Take company "A". It starts up with a bunch of 20-30 years old with a nice mix of older folks with 30 years of work ahead. These guys are long term and hope to retire from their jobs. For the first 20 years there are still a number of workers who started and are vested in the company retirement so there are a lot of workers per every occasional retired person.... say 7:1.
As that work force ages that ratio declines 4:1, 3:1 etc. and then things get horrible all of a sudden. If you have 100 retires a year what used to fund them into retirement was 700 workers Now it is 100 workers or one of me for every one of you.

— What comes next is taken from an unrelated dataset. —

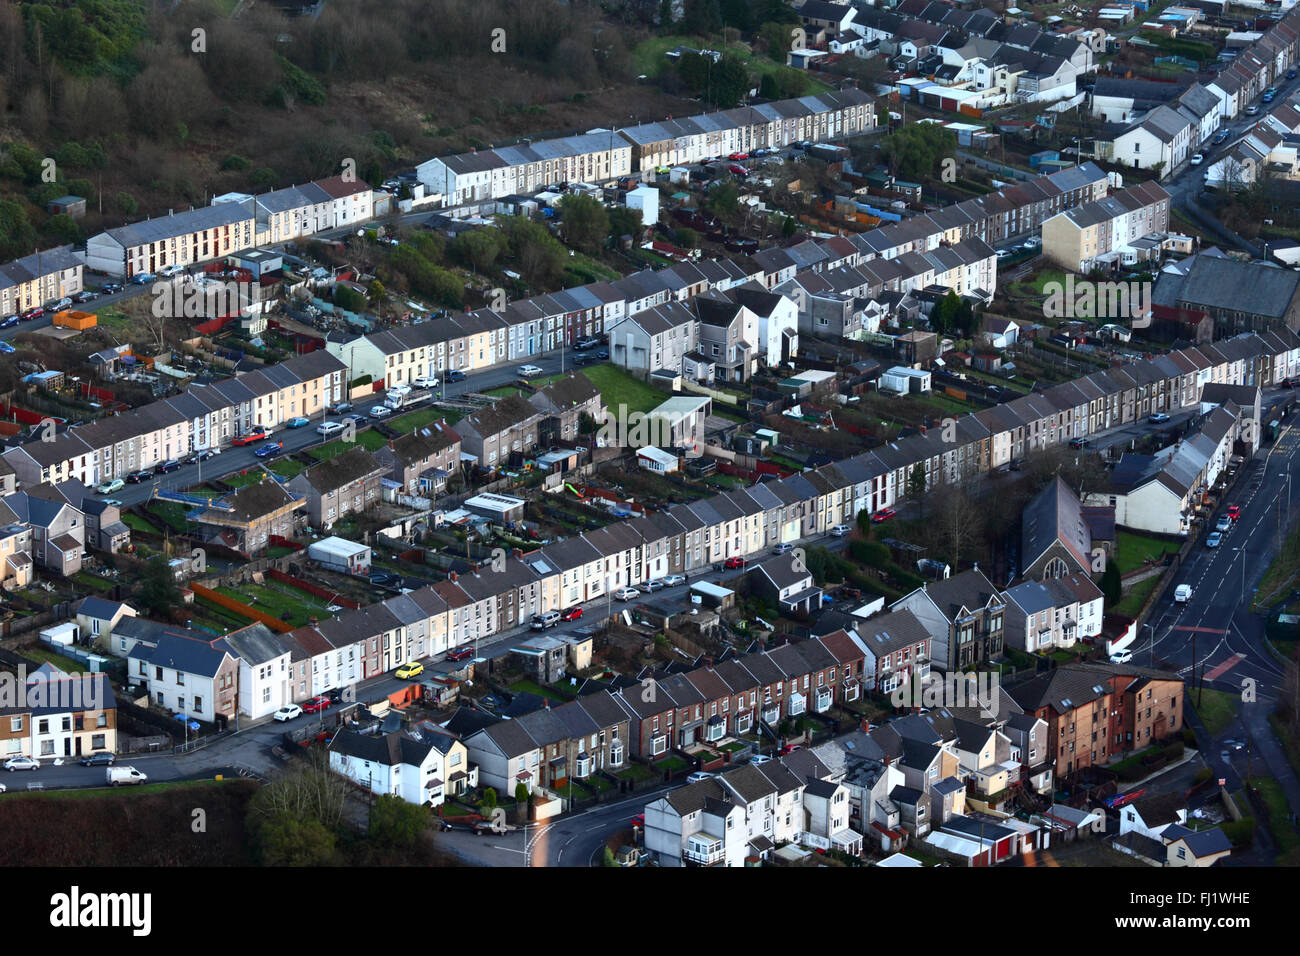 Aerial view of typical terraced cottages in Treherbert, Rhondda Fawr valley, Mid Glamorgan, Wales, United Kingdom Stock Photo

As labor intensive companies or governments "age" the ratio goes down to 1:1 or even worse because you just can't keep expanding the work force numbers. It is finite.
To cut costs, businesses and governments cut jobs - New York for instance wants to cut 10,000 jobs or cut the retirement payout. That is so wrong. It perhaps is the only way short term but if you cut out 10,000 workers you lessen the retirement contributions into the big pot by 10,000 people and that ratio gets close to 1:1.
What really kills it, particularly in the public sector, is featherbedding the last few years of work and wildly distorting the retirement payout. You might work at $50,000 for your entire career and pay in and expect a payout in proportion. Then, in the last 3 years you grab tons of overtime and cash in your sick days and make $100,000 a year for the last three and then get a pension payout based on your last three years or highest years. You didn't pay in at that rate but you take out at double what you put in. You suddenly become 2 people.
It is pure math if you want to look at it closely. Numbers don't lie...and it isn't wise to ignore them.
By the way, I wrote this a dozen years ago...or today. Same same!